Foto: Leandro Teysseire


¿Innovaciones? Para qué. ¿Reactualizaciones? Quién las necesita. Fuimos a ver a AC/DC, esperábamos a AC/DC, y tuvimos AC/DC. Una base monolítica, solidez de bunker antiatómico, que sostiene a las guitarras infernales de los hermanos Young. Un cantante que quizá esté cerca del retiro, pero aún sabe como comerse el escenario y hacer uso de una garganta que pide descanso. Y Angus, que puede excederse con un solo de más diez minutos pero no por eso vamos a dejar de quererlo, de admirarlo, de tenerlo en el sitial de honor de los que nos inspiraron a agarrar un camino musical y no abandonarlo ni aunque vengan degollando.

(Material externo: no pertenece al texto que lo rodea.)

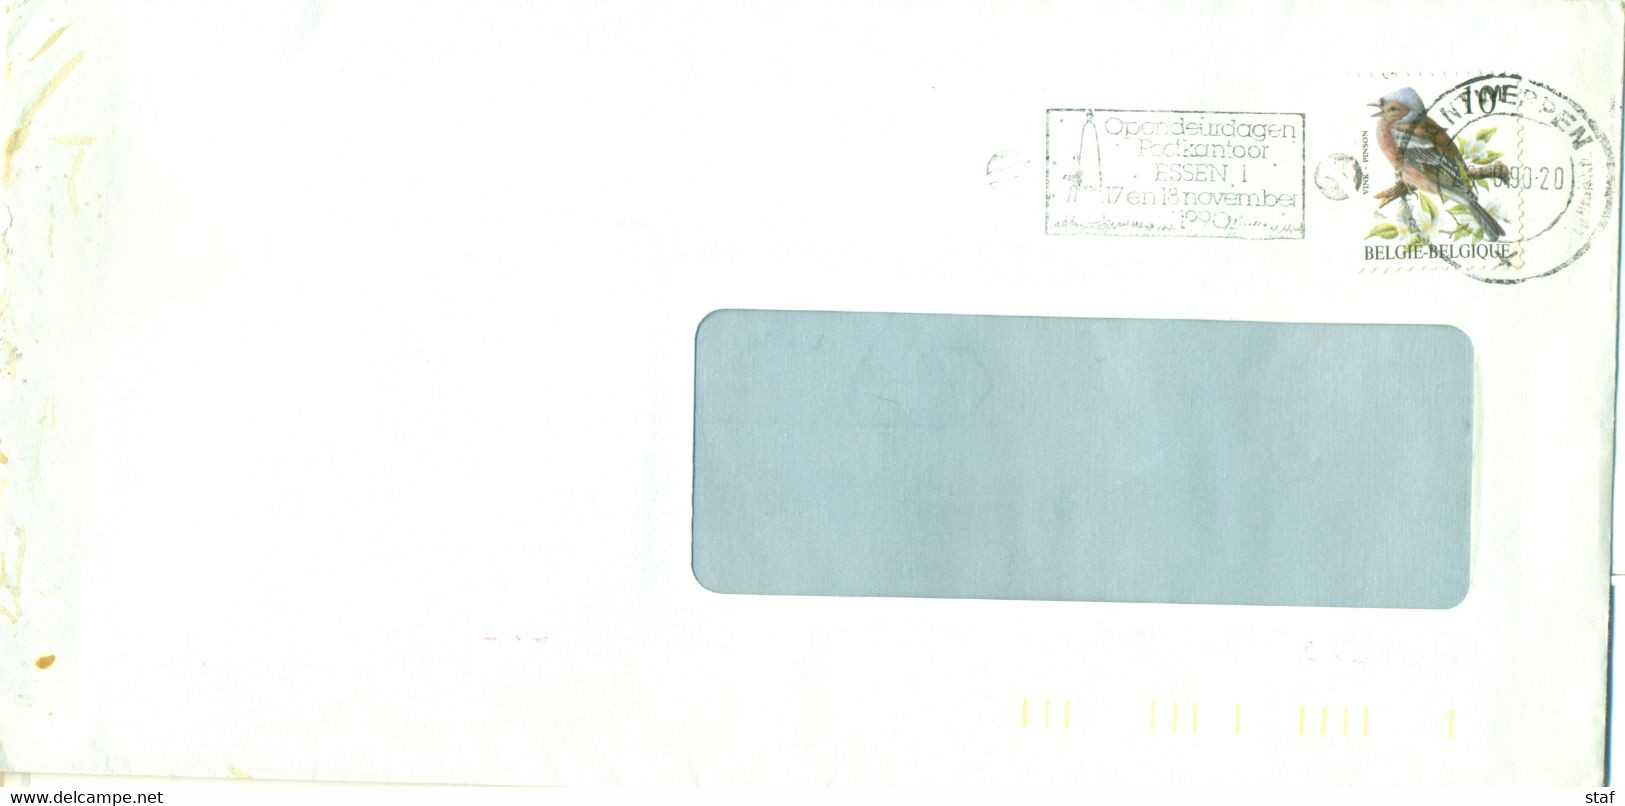 Opendeurdagen Postkantoor Essen 1 17 En 18 November 1990 - Targhette

Let there be lights, let there be sound, let there be drums, let there be guitar. Let there be rock, cantaron, y éramos 66 mil revoleando el alma, henchidos de electricidad, repitiendo con alegría inolvidable los estribillos de "You shook me all night long", y "Hell's bells", y "The Jack", y "Highway to hell", y "Whole lotta Rosie", y por qué no también los nuevitos "Big Jack", "Rock'n'roll train" y "War machine" (con un avión bombardeando con guitarras y mujeres desde la pantalla), y, claro, "Dirty deeds done dirt cheap" y "For those about to rock", a los cañonazos.

En "Thunderstruck" la cancha se movió.

Y con ella nos movimos nosotros, a la adolescencia y de vuelta para acá, más viejos, menos inocentes pero aún capaces de agitar el marote y no olvidarnos nunca de por qué el infierno de los rockers será siempre mil veces mejor que el cielo de los vigilantes.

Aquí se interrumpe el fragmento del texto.